I just got off the phone with Dr. Devinskie and I am sitting here in tears... he said that they all agree that Abby is a good candidate for surgery... I never thought that my heart would squeeze in pain again... its been awhile since I have felt this, I am numb and don't know how to react except cry.
I DON'T WANT TO BE A MOMMY RIGHT NOW... I DON'T WANT TO HAVE TO MAKE THIS DECISION now or in the next week or in the near future or ever! I wish God would send us a letter in the mail, fed-ex or UPS telling us what to do.
I froze after what he told me, silence on my end of the phone... I knew I would have questions, but what were they? Why is it that my mind always goes blank why can't I think... All I could ask was, "When?" and he said that is all part of scheduling, then "How long?" he said 2 1/2 weeks to 3 weeks stay in the hospital.

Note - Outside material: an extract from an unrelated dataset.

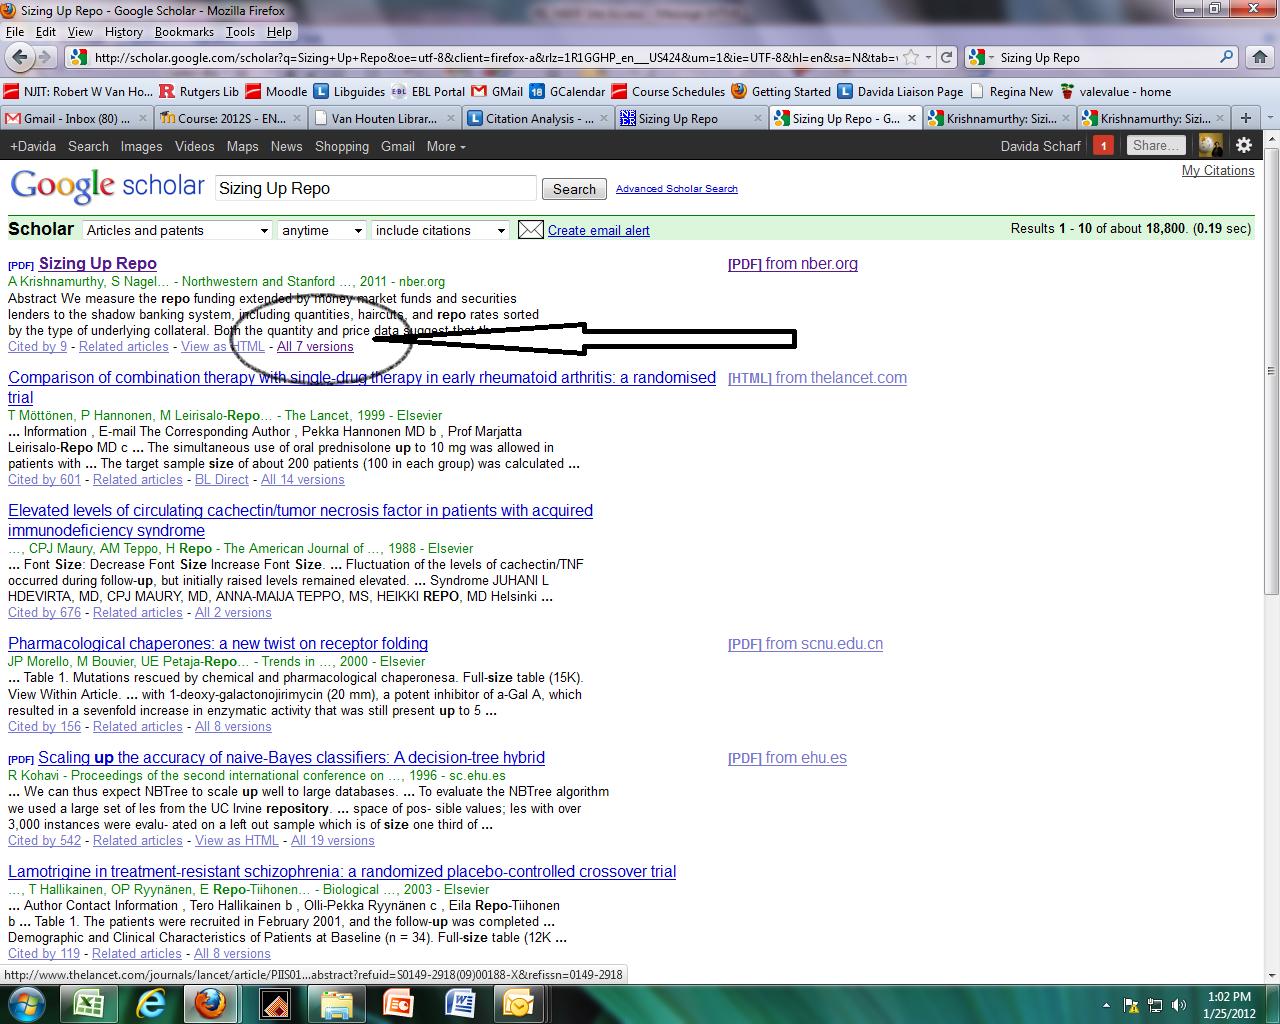 Google Scholar Screen Shot
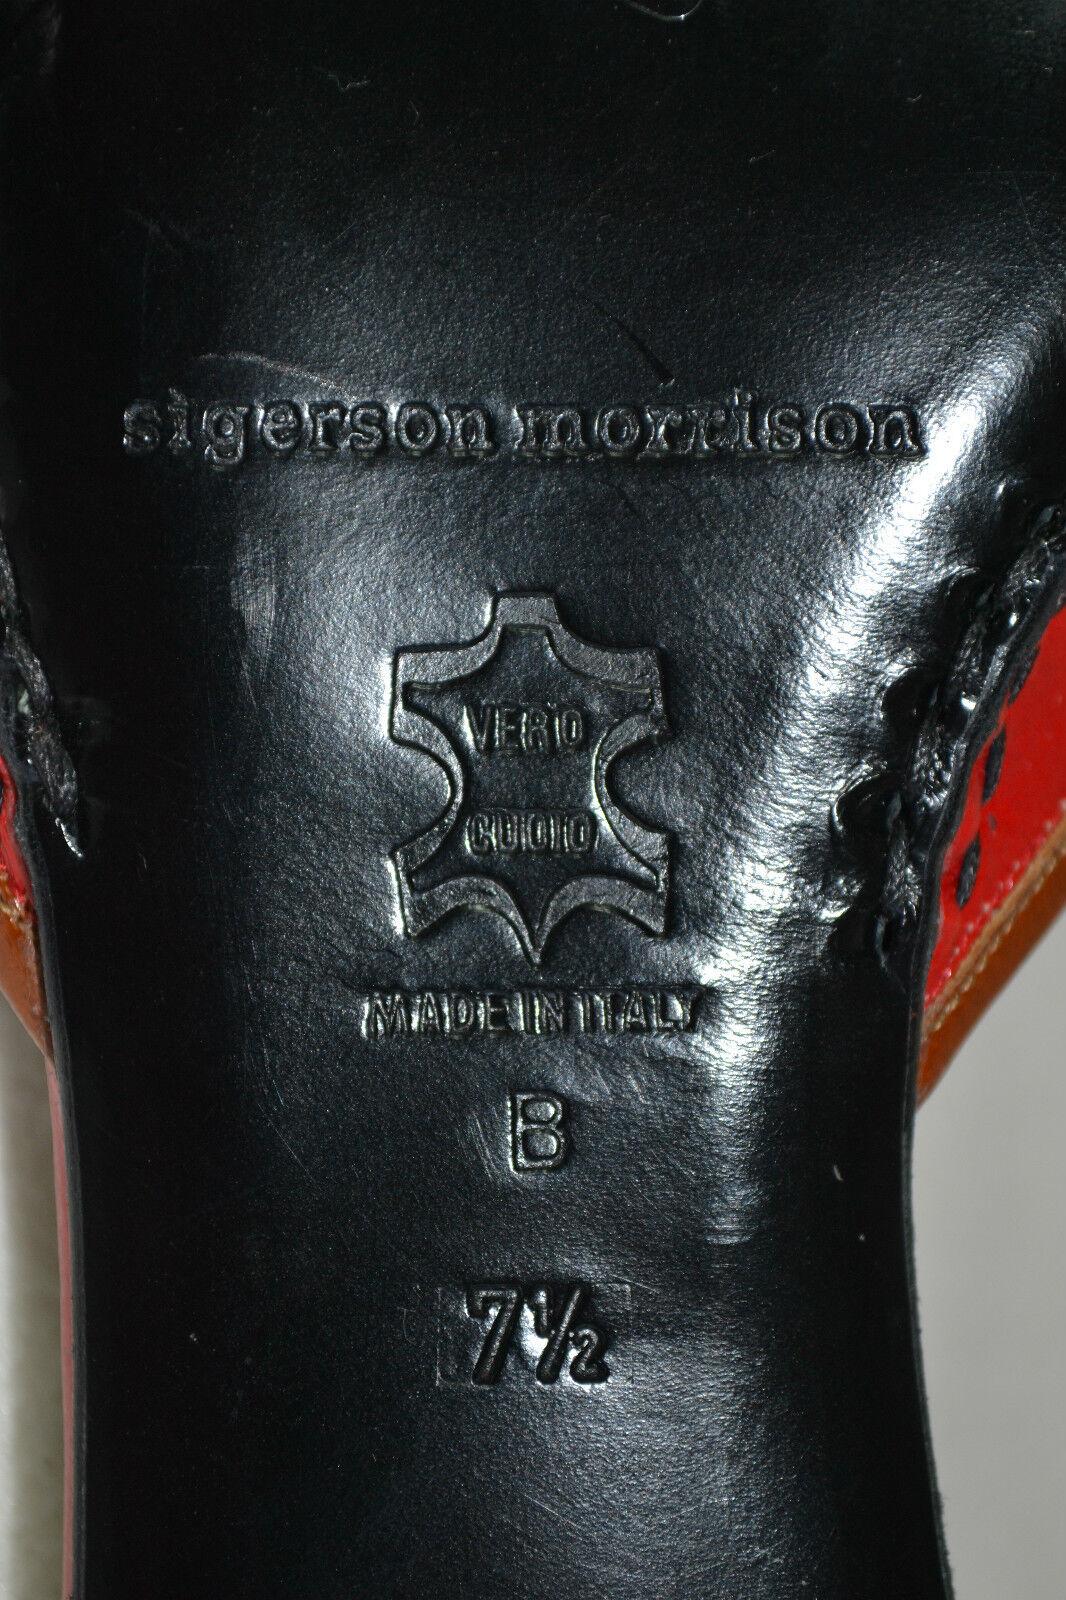 SIGERSON LEDER MORRISON SHOES Schuhe MULES LEDER SIGERSON 37,5 UK 4,5 USA 6,5 NEU  NEW edel d959cb

He also said that he had to be conservative and tell me that because of all the structural disease on both sides of her brain (due to bi-lateral stroke) that they can't say surgery will cure her 100% of epilepsy, but since that all activity is on the right side it very well may.
This is it this is all I know... help me think of questions... what would you ask? I can't think!!!!
I can't imagine my sweet girl on a table having brain surgery... My daughter might be getting brain surgery... I never thought I would type these words.
Please pray for my husband and I as we face, I believe one of the most difficult decisions we've ever had to make. God is so good and I know this is a huge test of faith on our part, trust on our part... help me to trust Lord, help me to trust.